WHAT NEEDS TO BE DONE: Only the lines in the entries below from the line with "M1 macbook pro 2tb model" to the line with "Mousepad Gamer XTRIKE-ME", both included, belong in the answer, transcribed exactly and without pictures.

GIVEN ENTRIES:

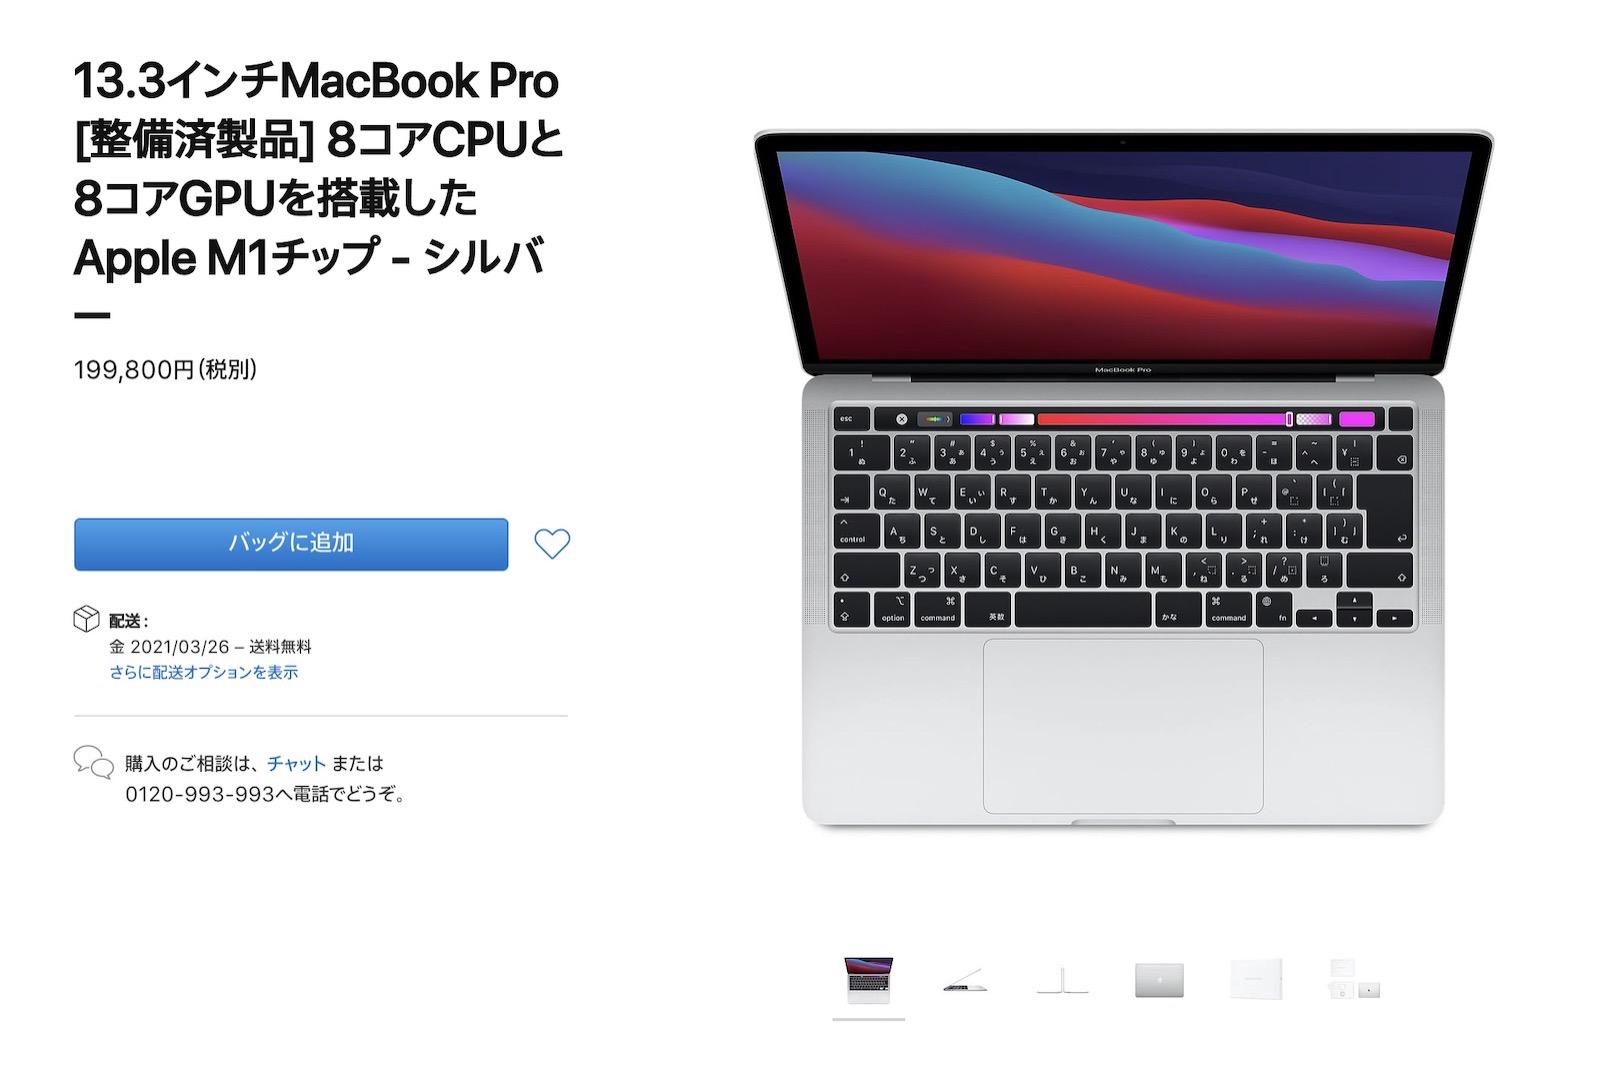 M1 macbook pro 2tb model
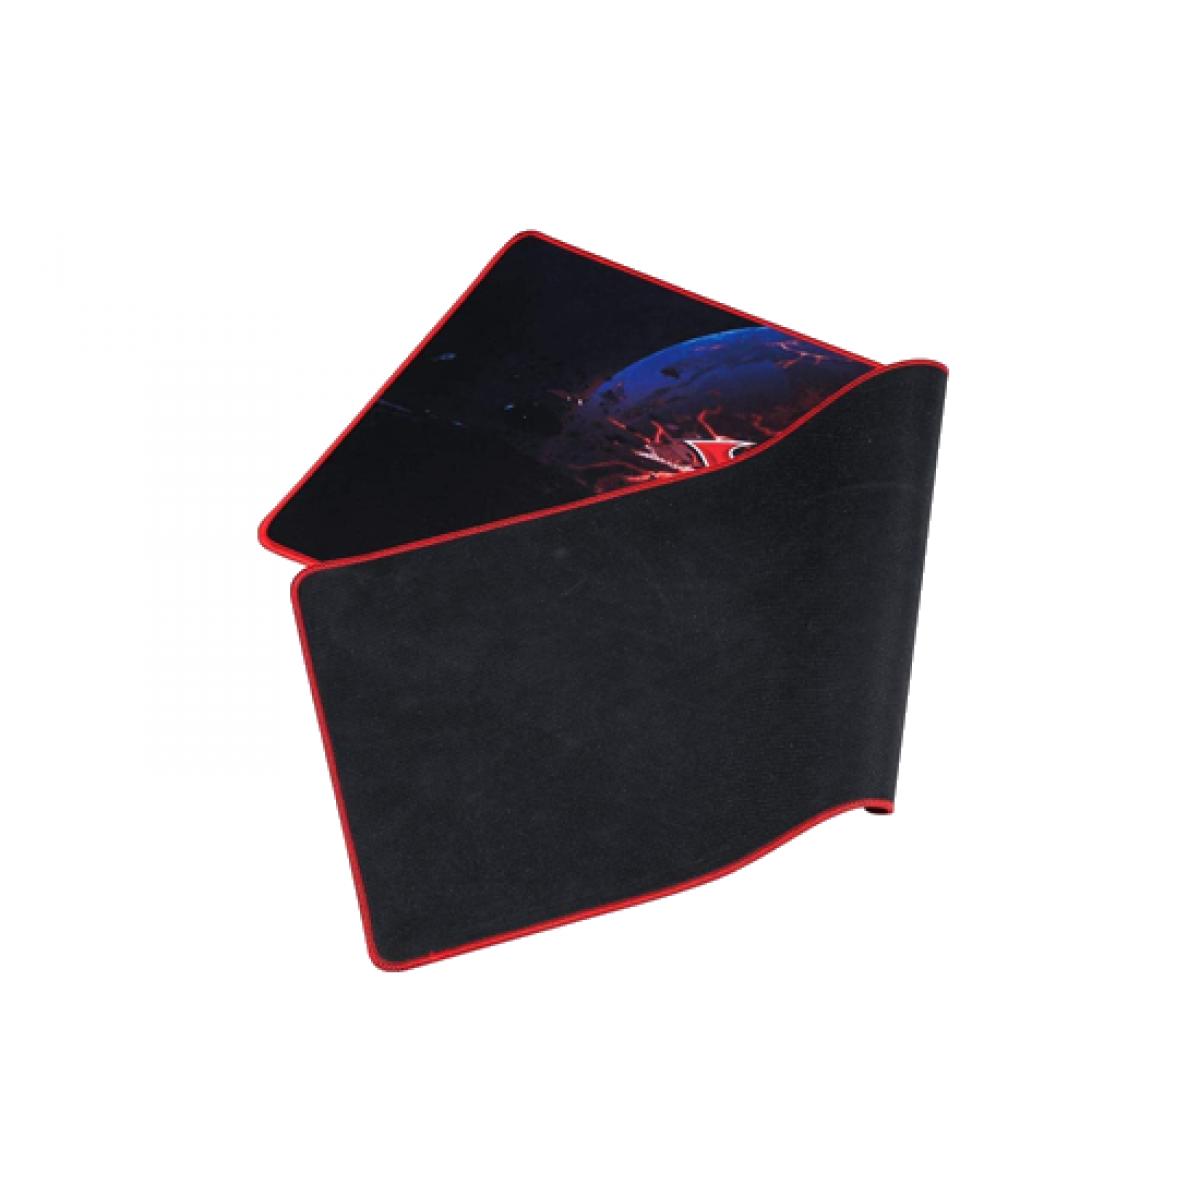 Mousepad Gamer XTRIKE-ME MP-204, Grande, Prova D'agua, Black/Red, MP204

==

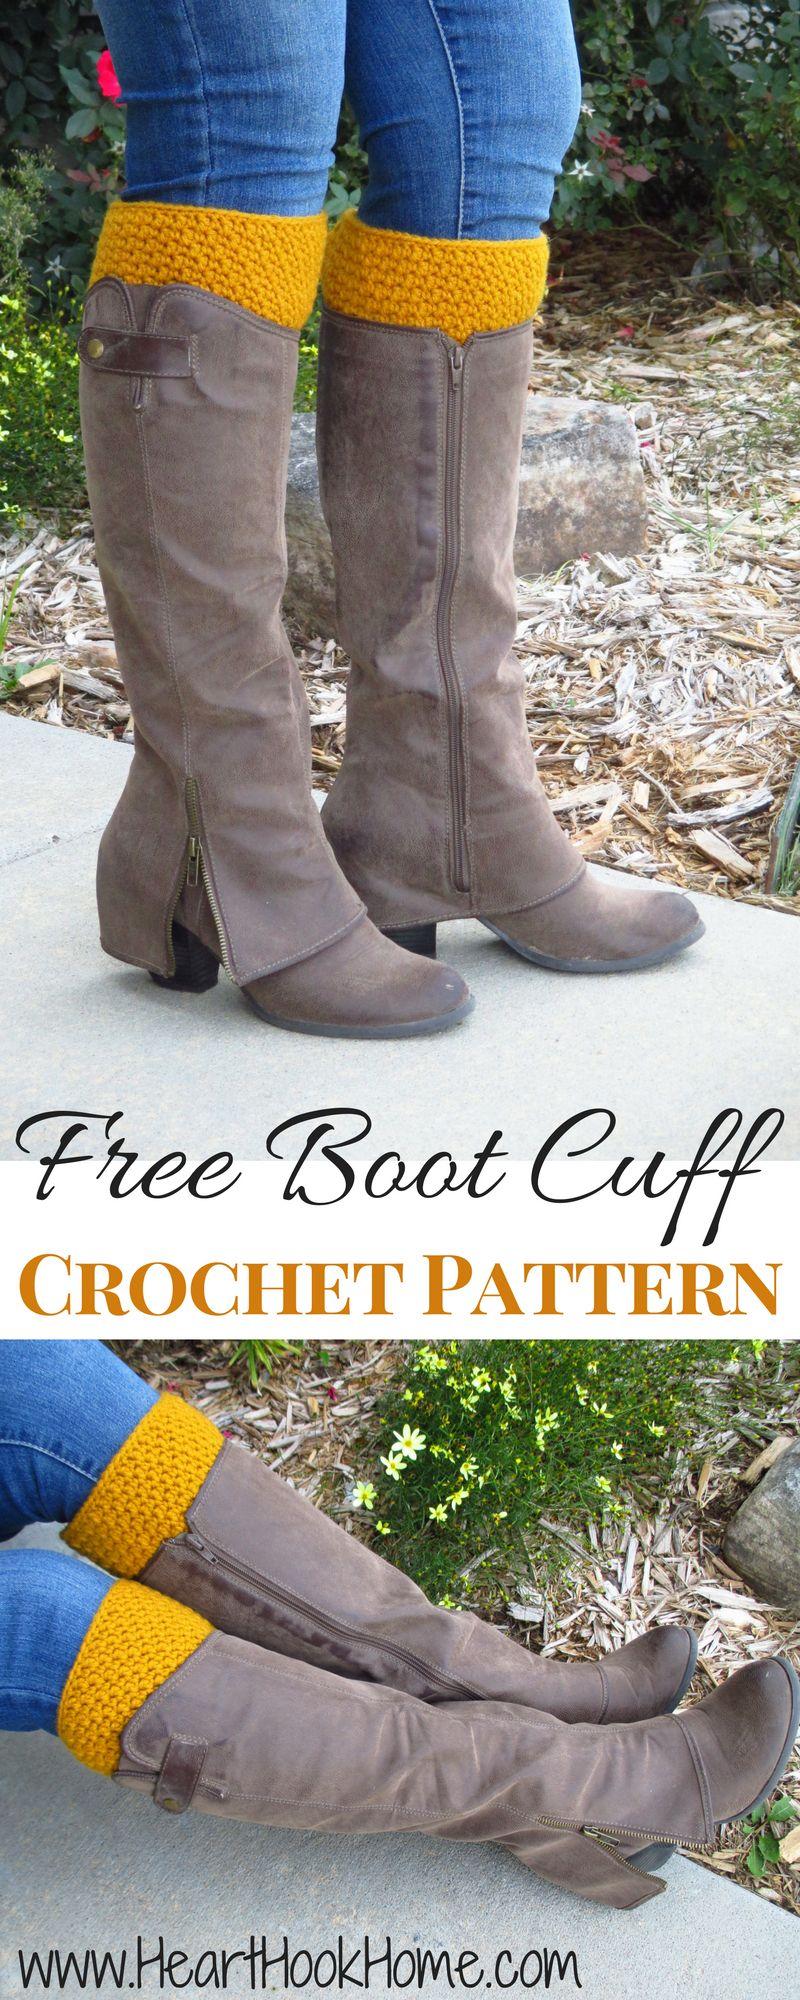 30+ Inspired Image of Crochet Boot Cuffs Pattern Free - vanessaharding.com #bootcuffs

ANSWER TO THIS PROBLEM:
 M1 macbook pro 2tb model
 Mousepad Gamer XTRIKE-ME MP-204, Grande, Prova D'agua, Black/Red, MP204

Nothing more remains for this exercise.